In Plaso the dynamic format extended the idea of the `desc` field, to provide
a formatted `message` field. That allow to provide more extensive formatting
such as [supporting Windows Event Log message strings](http://blog.kiddaland.net/2015/04/windows-event-log-message-strings.html).

### Formatter configuration file format

As of version 20200227 Plaso supports formatter configuration files.

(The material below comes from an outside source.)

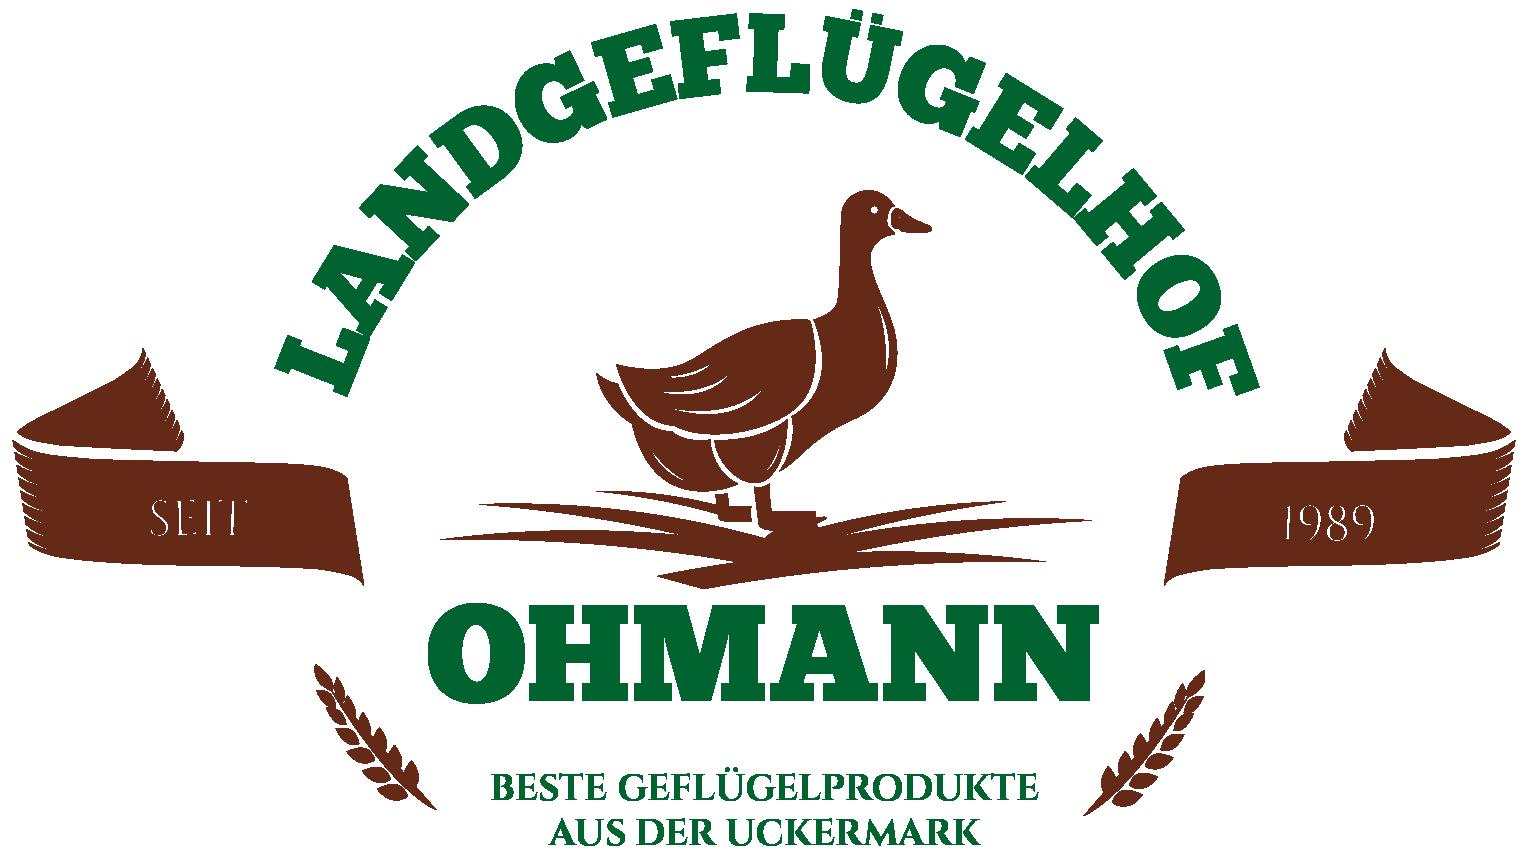 Landgeflügelhof Ohmann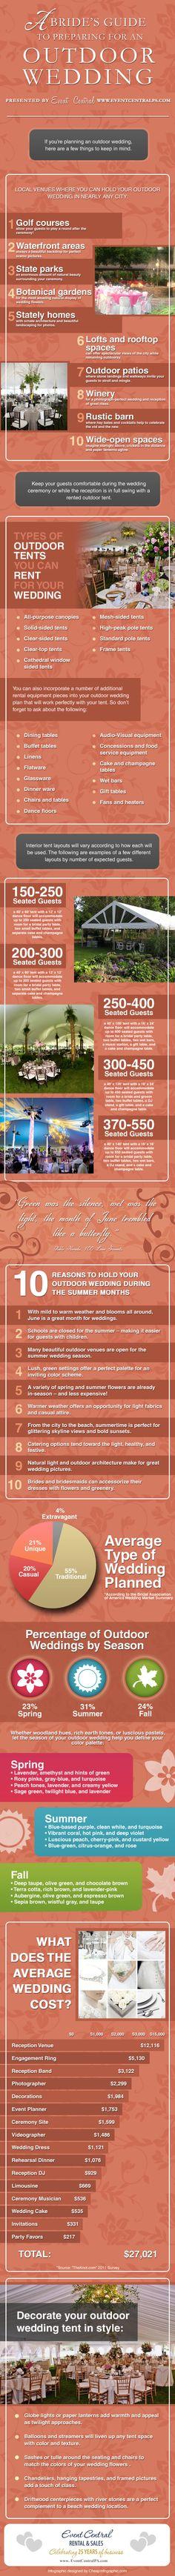 A Bride's Guide to an Outdoor Wedding

**Note that the format of these configuration files is subject to change.**

An event formatter is defined as a set of attributes:

* "data_type"; required event data type.
* "enumeration_helpers"; optional enumeration helpers.
* "message"; required formatter message string, for a basic type, or list of messages string pieces, for a conditional type.
* "separator"; optional conditional message string piece separator, the default is a single space.
* "short_message"; required formatter short message string, for a basic type, or list of short messages string pieces, for a conditional type.
* "type"; required event formatter type either "basic" or "conditional".

For example:

```
---
type: 'basic'
data_type: 'bash:history:command'
message: 'Command executed: {command}'
short_message: '{command}'
---
type: 'conditional'
data_type: 'syslog:cron:task_run'
message:
- 'Cron ran: {command}'
- 'for user: {username}'
- 'pid: {pid}'
separator: ', '
short_message:
- '{body}'
```

#### Enumeration helpers

Enumeration helpers can be defined to map a value of an event attribute to
a more descriptive value, for example mapping 100 to BEGIN_SYSTEM_CHANGE in
the example below.

```
type: 'conditional'
data_type: 'windows:restore_point:info'
enumeration_helpers:
- input_attribute: 'restore_point_event_type'
  output_attribute: 'restore_point_event_type'
  default_value: 'UNKNOWN'
  values:
    100: 'BEGIN_SYSTEM_CHANGE'
    101: 'END_SYSTEM_CHANGE'
    102: 'BEGIN_NESTED_SYSTEM_CHANGE'
    103: 'END_NESTED_SYSTEM_CHANGE'
- input_attribute: 'restore_point_type'
  output_attribute: 'restore_point_type'
  default_value: 'UNKNOWN'
  values:
    0: 'APPLICATION_INSTALL'
    1: 'APPLICATION_UNINSTALL'
    10: 'DEVICE_DRIVER_INSTALL'
    12: 'MODIFY_SETTINGS'
    13: 'CANCELLED_OPERATION'
message:
- '{description}'
- 'Event type: {restore_point_event_type}'
- 'Restore point type: {restore_point_type}'
short_message:
- '{description}'
```

enumeration helpers are defined as a set of attributes:

* "input_attribute"; required name of the attribute which the value that needs to be mapped is read from.
* "output_attribute"; required name of the attribute which the mapped value is written to.
* "default_value"; optional default value if there is no corresponding mapping in "values".
* "values"; required value mappings, contains key value pairs.

#### Flags helpers

Flags helpers can be defined to map a value of an event attribute to a more
descriptive value, for example mapping 0x00000040 to FinderInfoModified in
the example below.

```
type: 'conditional'
data_type: 'macos:fseventsd:record'
flags_helpers:
- input_attribute: 'flags'
  output_attribute: 'flag_values'
  # The include header sys/fsevents.h defines various FSE constants, e.g.
  # #define FSE_CREATE_FILE          0
  # The flag values correspond to: FLAG = 1 << CONSTANT
  values:
    0x00000000: 'None'
    0x00000001: 'Created'
    0x00000002: 'Removed'
    0x00000004: 'InodeMetadataModified'
    0x00000008: 'Renamed'
    0x00000010: 'Modified'
    0x00000020: 'Exchange'
    0x00000040: 'FinderInfoModified'
    0x00000080: 'DirectoryCreated'
    0x00000100: 'PermissionChanged'
    0x00000200: 'ExtendedAttributeModified'
    0x00000400: 'ExtendedAttributeRemoved'
    0x00001000: 'DocumentRevision'
    0x00004000: 'ItemCloned'
    0x00080000: 'LastHardLinkRemoved'
    0x00100000: 'IsHardLink'
    0x00400000: 'IsSymbolicLink'
    0x00800000: 'IsFile'
    0x01000000: 'IsDirectory'
    0x02000000: 'Mount'
    0x04000000: 'Unmount'
    0x20000000: 'EndOfTransaction'
message:
- '{path}'
- 'Flag Values: {flag_values}'
- 'Flags: 0x{flags:08x}'
- 'Event Identifier: {event_identifier}'
short_message:
- '{path}'
- '{flag_values}'
```

#### Change log

* 20200227 Added support for formatter configuration files.
* 20200822 Added support for enumeration helpers.
* 20200904 Added support for flags helpers.
* 20200916 Removed source types from formatters.